Much as I hated it, I was prepared to wear the cap again. “What if I throw a shit-fit and Nurse Amara sedates me?” I said. “I'll sleep all day and double my score.”

“I have a better idea,” said Jack. “Look here.”

He showed me another Web site on his little screen:
Lifels-SciFi.com
.

“Sci-fi? I hate that crap.”

“Who doesn't?” said Jack. “But this site's gonna kick your skull cap into overdrive. The site's run by a computer science student at a cow college in San Jose.”

“Computers in Mexico? I hate computers.”

“San Jose, California,” said Jack. “Silicon Valley. Computers are your friends. This ultranerd has hacked into Stanford's
fully coherent nuclear-magnetic-resonant dark-matter-powered Accelerandodrome. An outlaw link to a quantum computer! If we link your cap to that tonight, you'll climb so far above that monk that he'll be eating your positronic dust for the rest of his life.”

“What about my brain?” I asked, remembering the headache I'd gotten from counting to twelve million.
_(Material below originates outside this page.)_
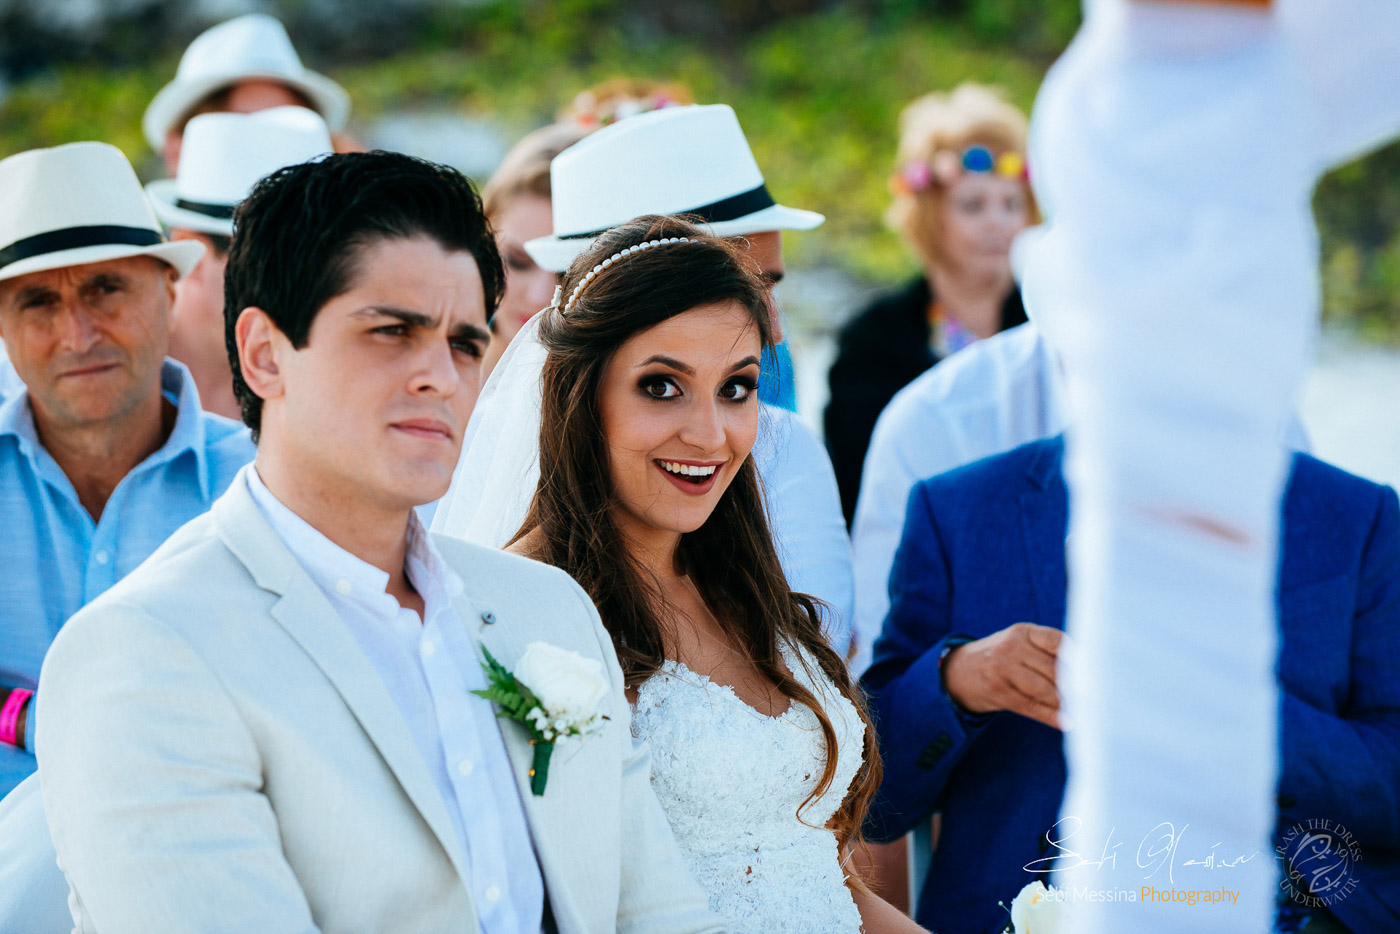 Great Parnassus Resort Wedding - Sebi Messina Photography

“Do you want to be immortal?” he asked. “Or not?”

To make a long story short, and isn't that what old age is all about, I pulled on the magic beanie and lay down on my bed. I closed my eyes and started counting sheep again. They were jumping the fence faster and faster, flowing up the mountainside, scaling the cliffs, frisking into the white fluffy clouds. I picked up my dream-colored staff and followed them.

+   +   +

“Wake up.”

I woke up. I sat up.

“Say the first thing that comes into your mind,” Jack said.

I did like the day before, only more so, spewing out a jaw-breaking number name that went like this (and I'm sure you don't mind if I leave out the middle): “Twelve duotrigintillion, three hundred forty-five unotrigintillion, six hundred seventy-eight trigintillion, . . . , three hundred forty-five million, six hundred seventy-eight thousand, nine hundred one.”